Saturday, June 29, 2013

To make good use of the time.

Our day today involved:

1. A steam mop. 
To clean the basement floor. 
2. Two trowels 
To level the basement floor 
3. a canner
To make pickles with some of the 50!!! Cucumbers we picked this week
4 Two trips to target. 
one to return the hammock and a second to return the two chairs we bought that wouldn't fit in the car
5. a large pair of tree trimmers
to tame the backyard jungle.
6. A trip trip to the grocery store to buy pickling salt (instead I bought three types of peppers)
7. A trip to the garden
For a quick photo shoot and to pick 15 more cucumbers and 5 more squash 
8. Making lasagna using squash for noodles
9.and... About 6 episodes of white collar. 









Thursday, June 6, 2013

To move in.

I've been in the house a month now. About thirteen of my friends from church came over a few weeks ago to help us move. (One even brought lunch for everyone!) My aunt and uncle drove up from Georgia for the weekend.

Here's mom's chair. Newly covered. It has been amazing to sit in this chair every morning. It's like sitting down at home. It's so calming, so stable. I feel at rest in this chair.



Here's the steamer trunk turned vanity. I'm not sure where my grandfather found this thing, but he started to restore it for my mother many years ago. I think they got distracted and it turned into a storage bin. I'm so excited about it.

Monday, June 3, 2013

To my sister.



My sister is a much more stable person than I am. She is calm in decision making. Level and steady. She's the person you call when you need to talk a decision through. She'll ask you really good questions and give you really good answers. I don't thank God for her as often as I should.

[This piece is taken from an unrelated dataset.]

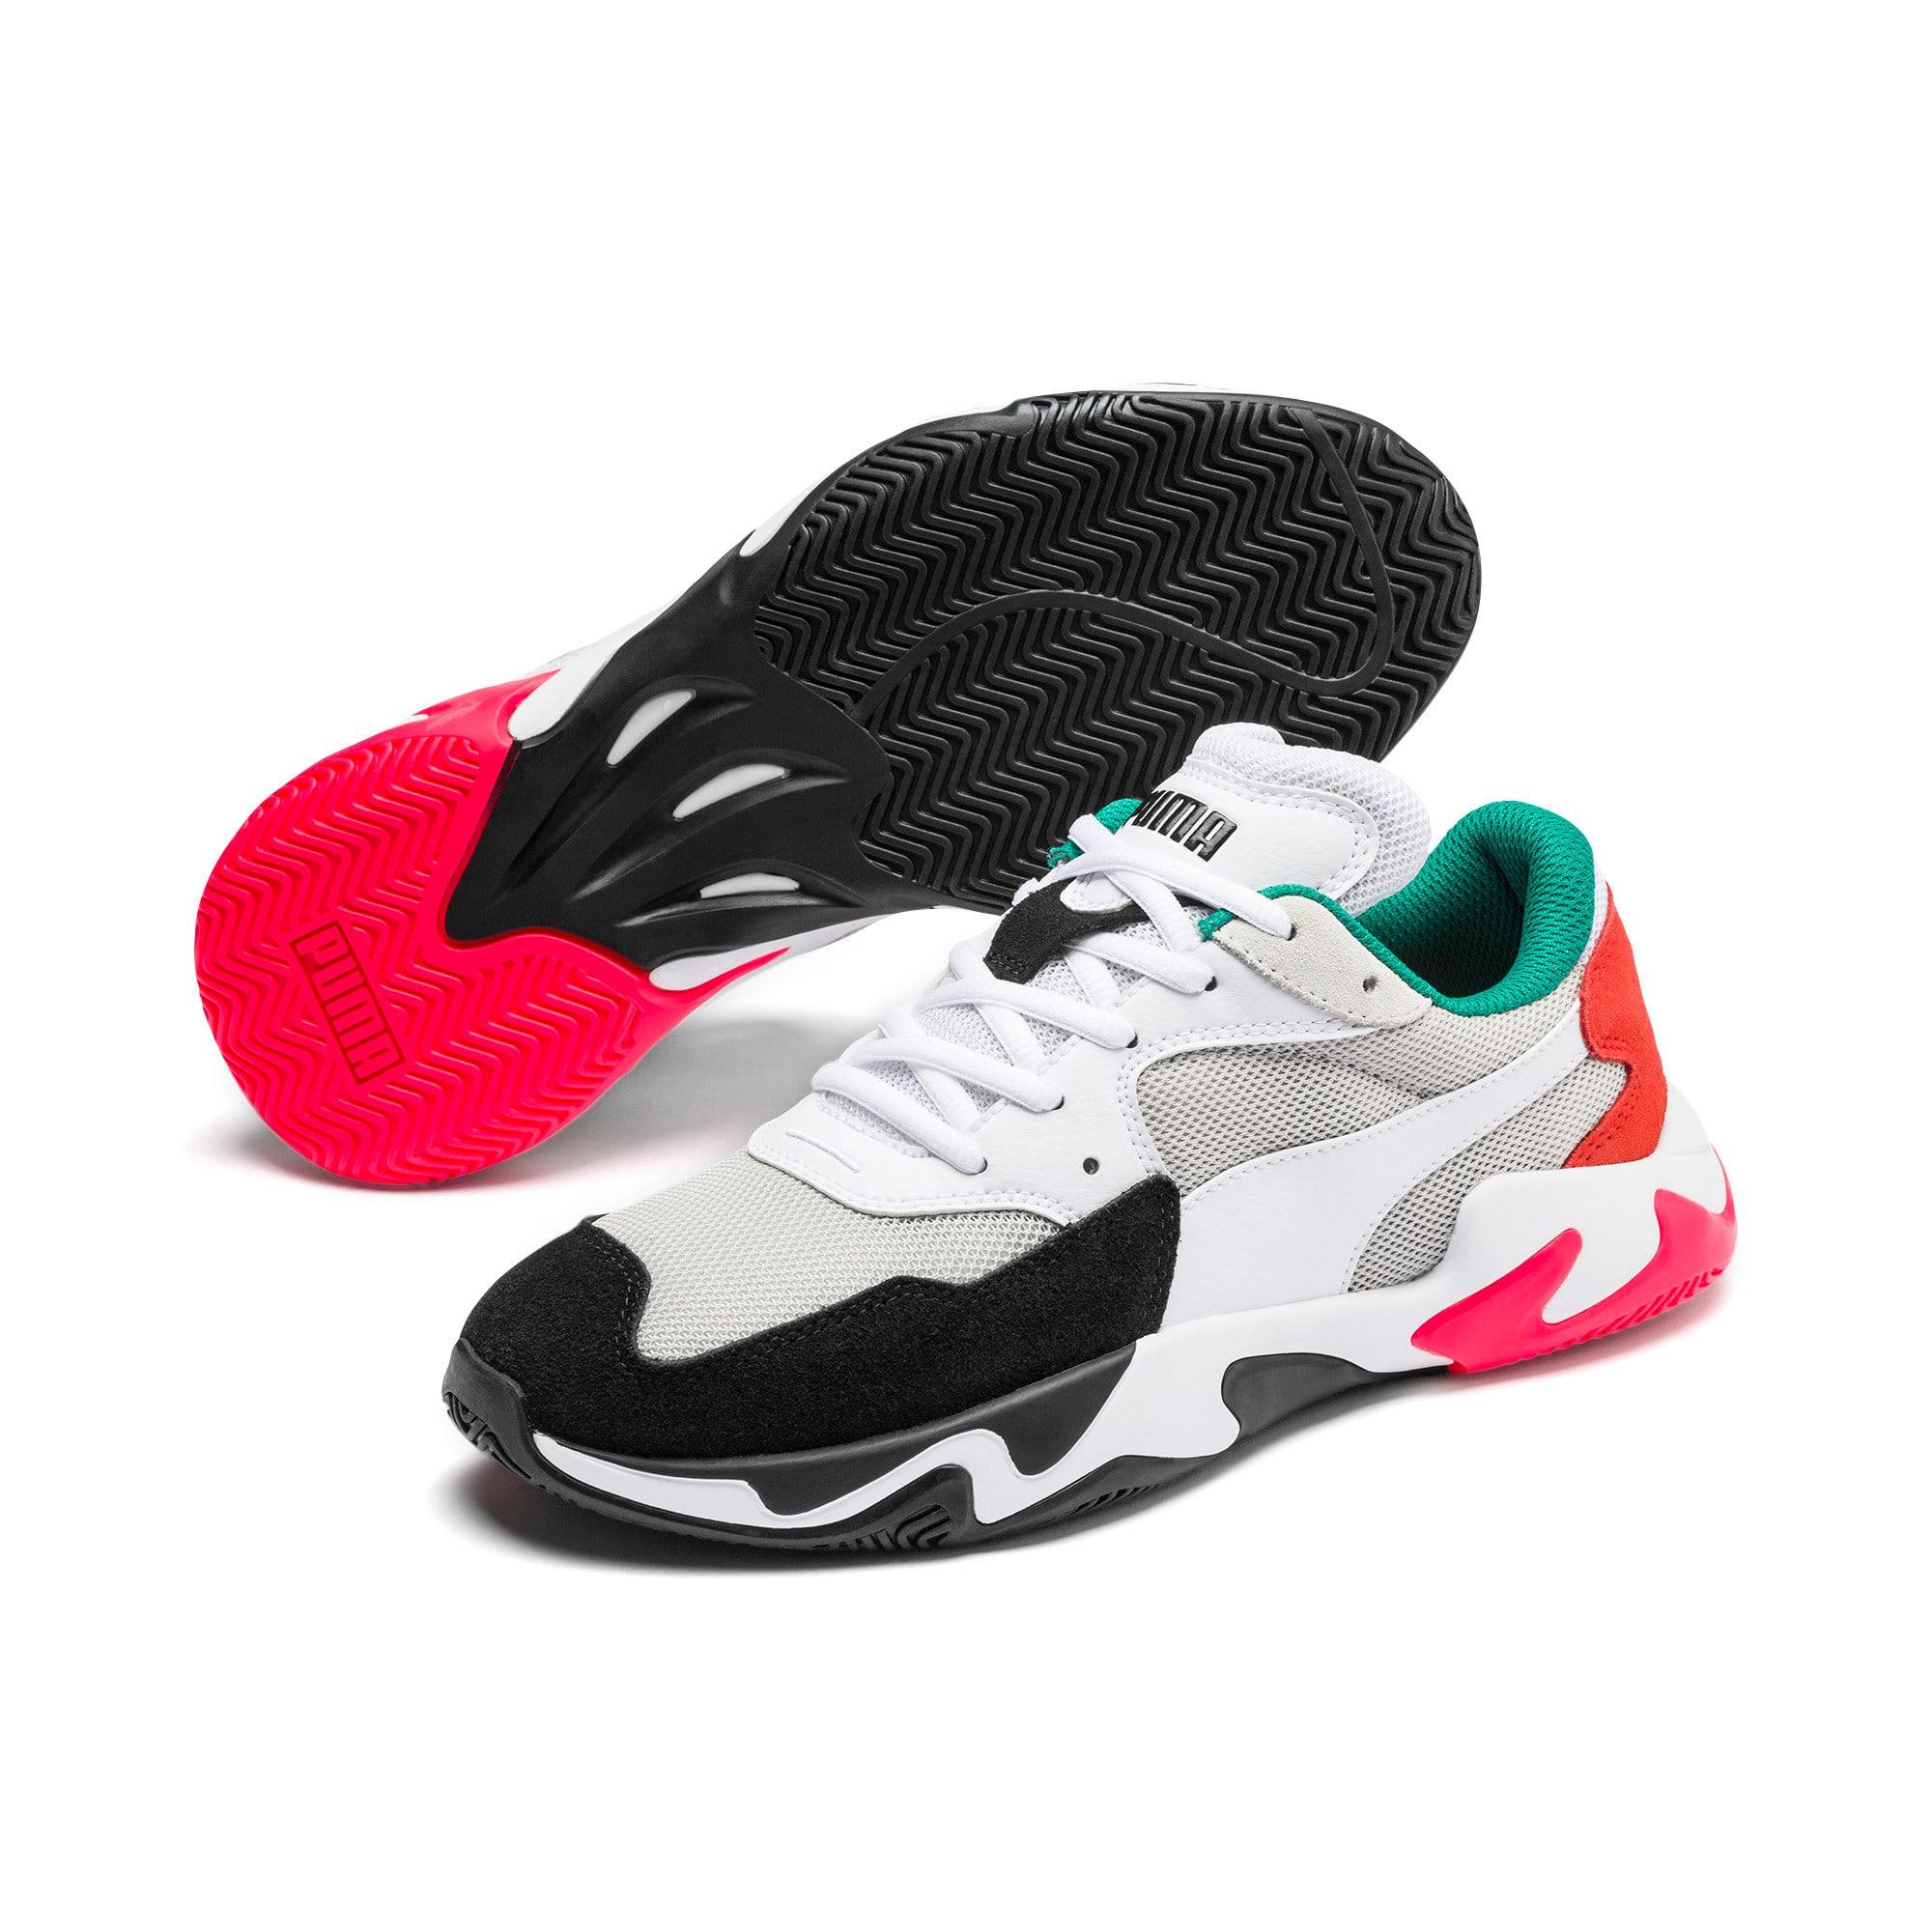 Thumbnail 3 of Storm Adrenaline Sneaker, Puma Black-Gray Violet, medium
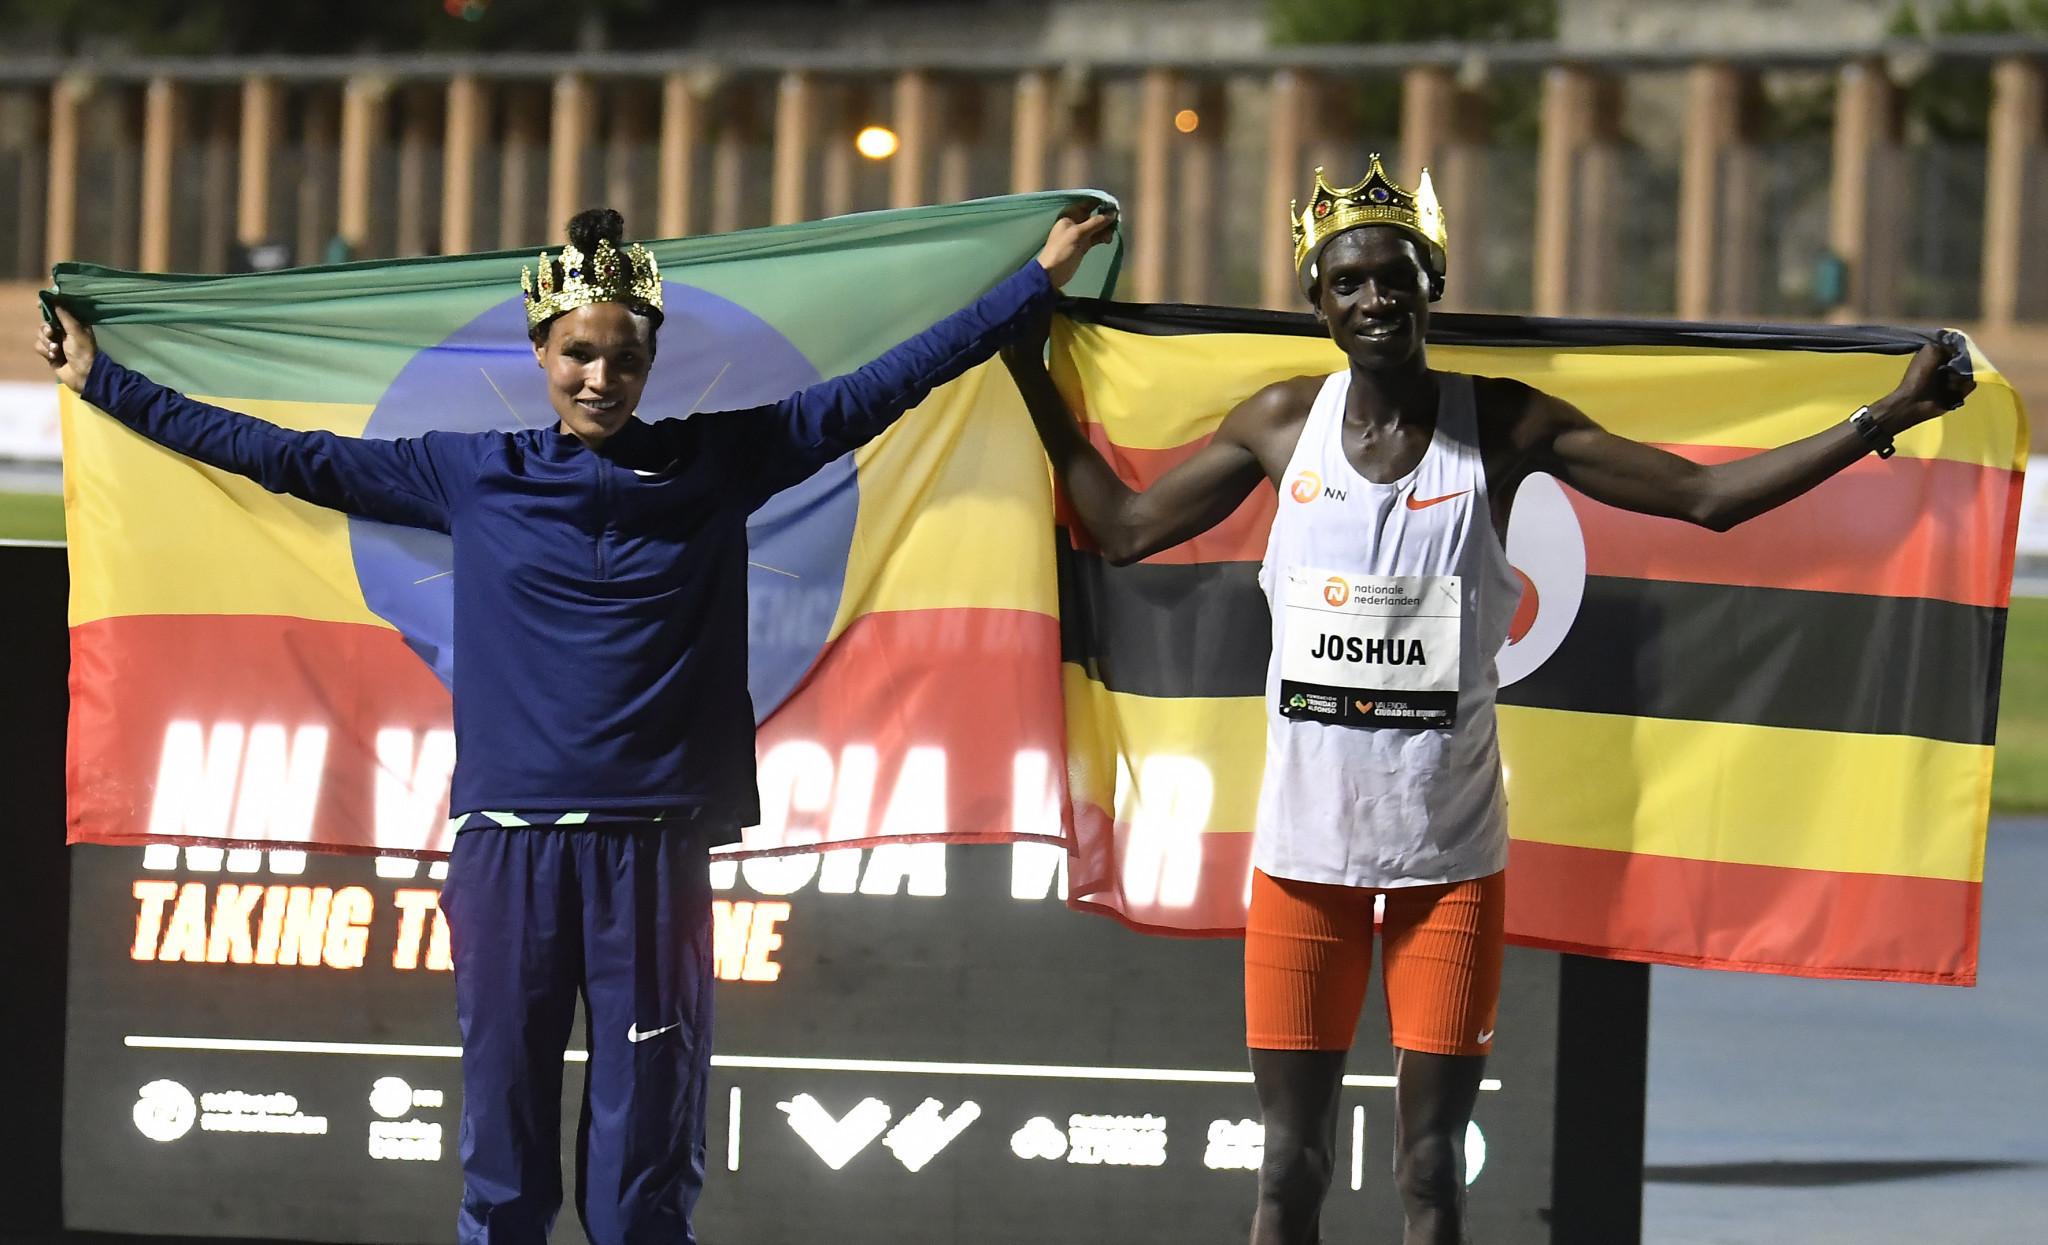 Athletes such as Letesenbet Gidey and Joshua Cheptegei have used Wavelight technology to break world records this season ©World Athletics

I marvel at her ability to keep three kids fed, (mostly) clothed, home school, and somehow work several 12 hour overnight nursing shifts. I can barely work teacher's hours and occasionally eat something that didn't come from a drive through or Chipotle.

She's always had superhero like status in my mind. Someone to want to be like. Someone to tell you when you were about to make a mistake so you could go the other direction. She always let me learn from her mistakes.

So this whole home buying thing comes along. We talked it through. As much as she hated the idea that my buying a house meant I would probably stay in DC a while, she agreed that it made a lot of sense.

I remember comparing it to a missionary going off to some faraway place. Is it safe? I'm not really sure. Will it be easy? Most certainly not. Is it good? I think so. God didn't give me the skills and passion to move half way around the world to share the love of Christ. But, looking around, it seems like he did give me the passion and gifts to move across the river.

When we started talking about it that way, it made perfect sense. Maybe not in a worldly sense, but most good things don't make sense that way. It made sense in that heavenly minded way. It made sense in a look back and marvel at God's kindness kind of way.

So my sister started a housewarming party. Well a digital far away using facebook kind of housewarming party. She also didn't tell me about it! So after one exhausting day at work where it seemed like no one had heard any thing I had said all day and there was just a little more toil than fruitful work in my day, I came home to a few cards from dear sweet friends from my childhood. They included gift cards and sweet encouragements and recollections of God's faithfulness.

And now, after a couple weeks of not posting, I can come before you all praising God for his kindness to me in the form of my dearest friend. My sister.